Let's look at a single question to see the output from the model.
today
question = "I want to go see Dune 2 on Wednesday night with 5 of my friends. We will be going to the Halifax Bayers Lake Ciniplex Theatre. Get tickets for the 7pm show. Thanks!"
resp = llm(
model="tgi",
base_url=HUGGING_FACE_ENDPOINT_URL,
api_key=HUGGING_FACE_ACCESS_TOKEN,
messages=[
dict(role="system", content=system_prompt),
dict(role="user", content=question),
],
)
resp
print(resp.choices[0].message.content)
tool_calls = extract_tool_calls(resp.choices[0].message.content)
tool_calls
The model also supports multiple function calls!
tasks = f"""
Today's date is {today}.
Please complete the following tasks for me:
1. I want to go see Dune 2 on Monday night with 5 of my friends.

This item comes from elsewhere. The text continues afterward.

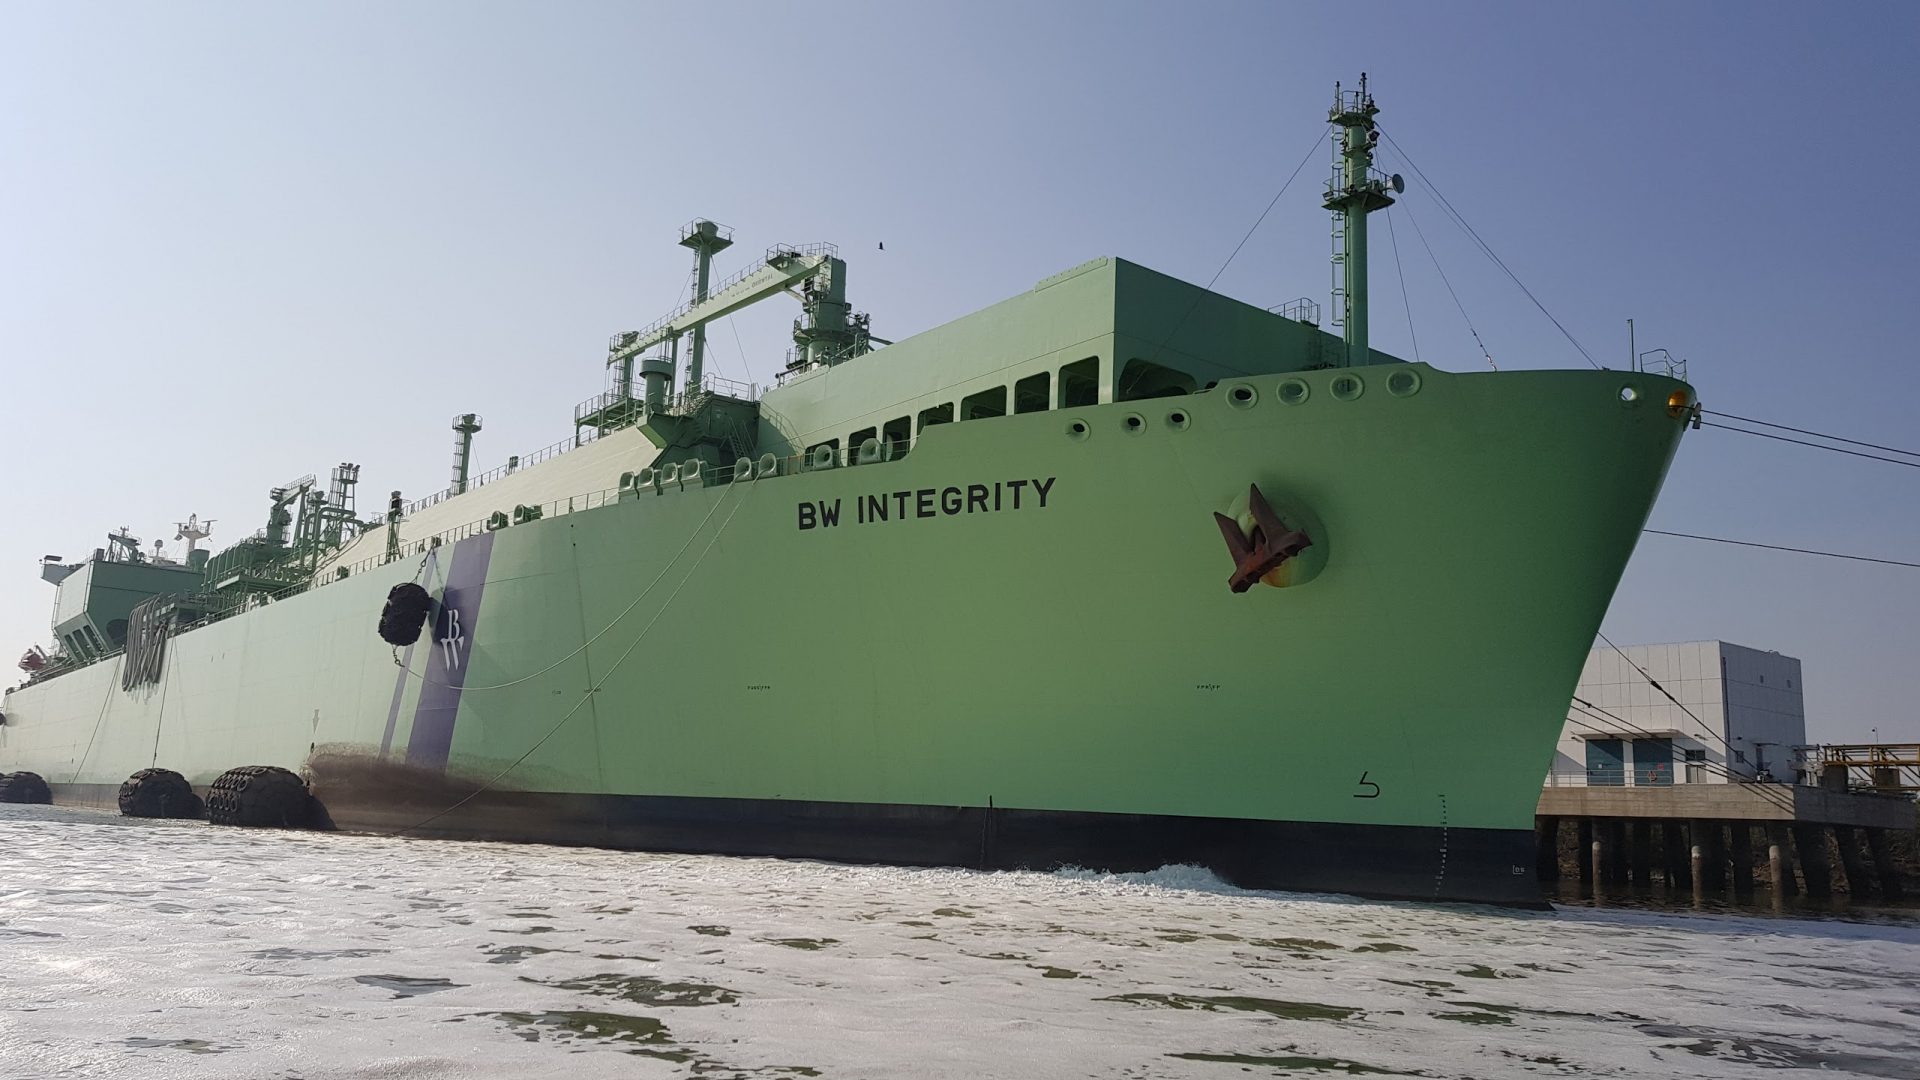 Qatar Petroleum's trading unit makes lowest bid in Pakistan LNG tender
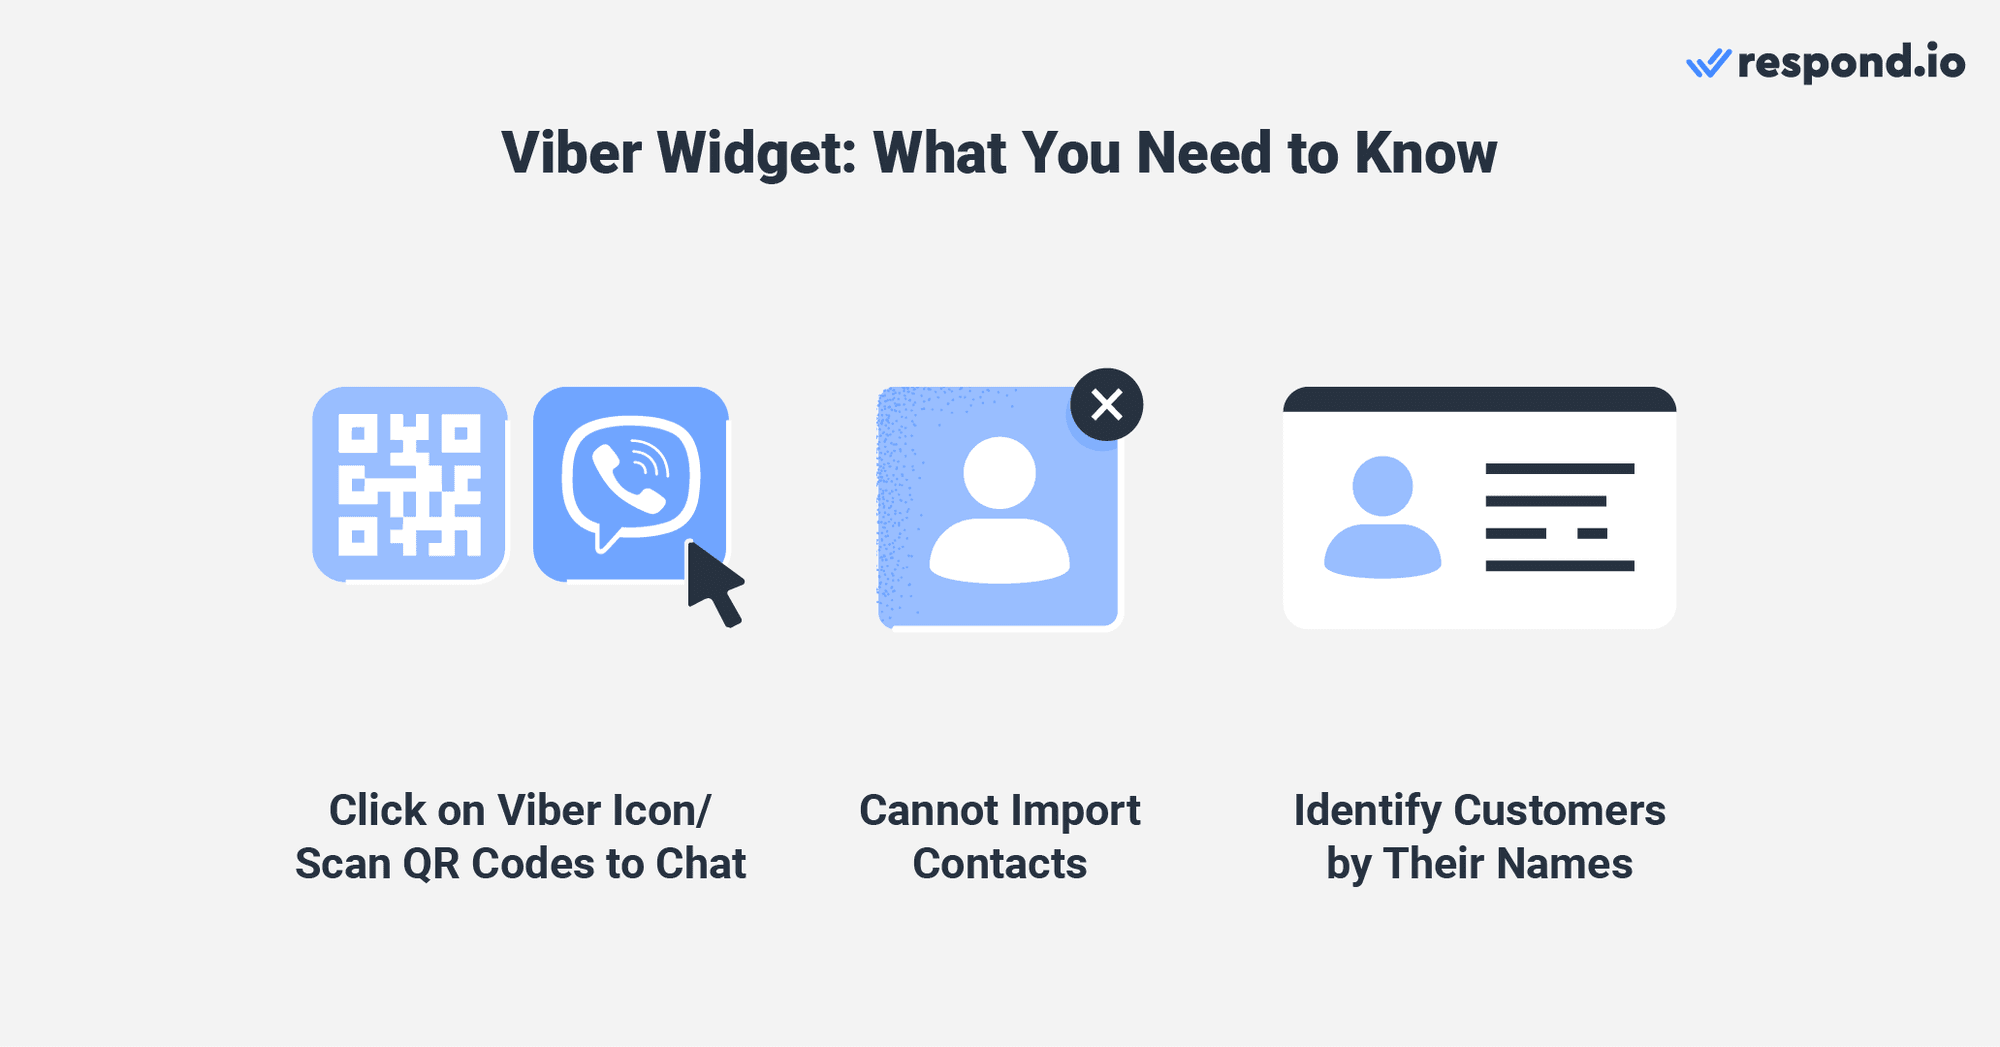 นี่คือรูปภาพที่อธิบายสิ่งที่คุณต้องรู้เกี่ยวกับเว็บ viber วิด เจ็ต คุณสามารถคลิกที่ viber ไอคอนหรือสแกนรหัส QR เพื่อเริ่มต้น viber แชทออนไลน์ อย่างไรก็ตาม คุณไม่สามารถนําเข้าผู้ติดต่อไปยังแชทได้ viber ออนไลน์ เพื่อ viber แชทออนไลน์คุณสามารถระบุลูกค้าได้ด้วยชื่อของพวกเขาเท่านั้น

We will be going to the Halifax Bayers Lake Ciniplex Theatre. Get tickets for the 7pm show.
2. Please check the weather for Monday night so I know how to dress.
3. Also please book my plane ticket to Toronto. I will be leaving Tuesday and coming back 2 days later on Thursday. First class please.
4. Send a slack message to the research channel to let them know I will not be there this week in the office.
"""
resp = llm(
model="tgi",
base_url=HUGGING_FACE_ENDPOINT_URL,
api_key=HUGGING_FACE_ACCESS_TOKEN,
messages=[
dict(role="system", content=system_prompt),
dict(role="user", content=tasks),
],
max_tokens=1000,
)
tool_calls = extract_tool_calls(resp.choices[0].message.content)
tool_calls
Impressive!
You can take the arguments, and pass them into the actual function, and give back the results to the model. See the model card or repo on how to do that.
There is JSON Mode support too!
I'm just getting started with playing around with this powerful open source model. I can't wait to explore it more!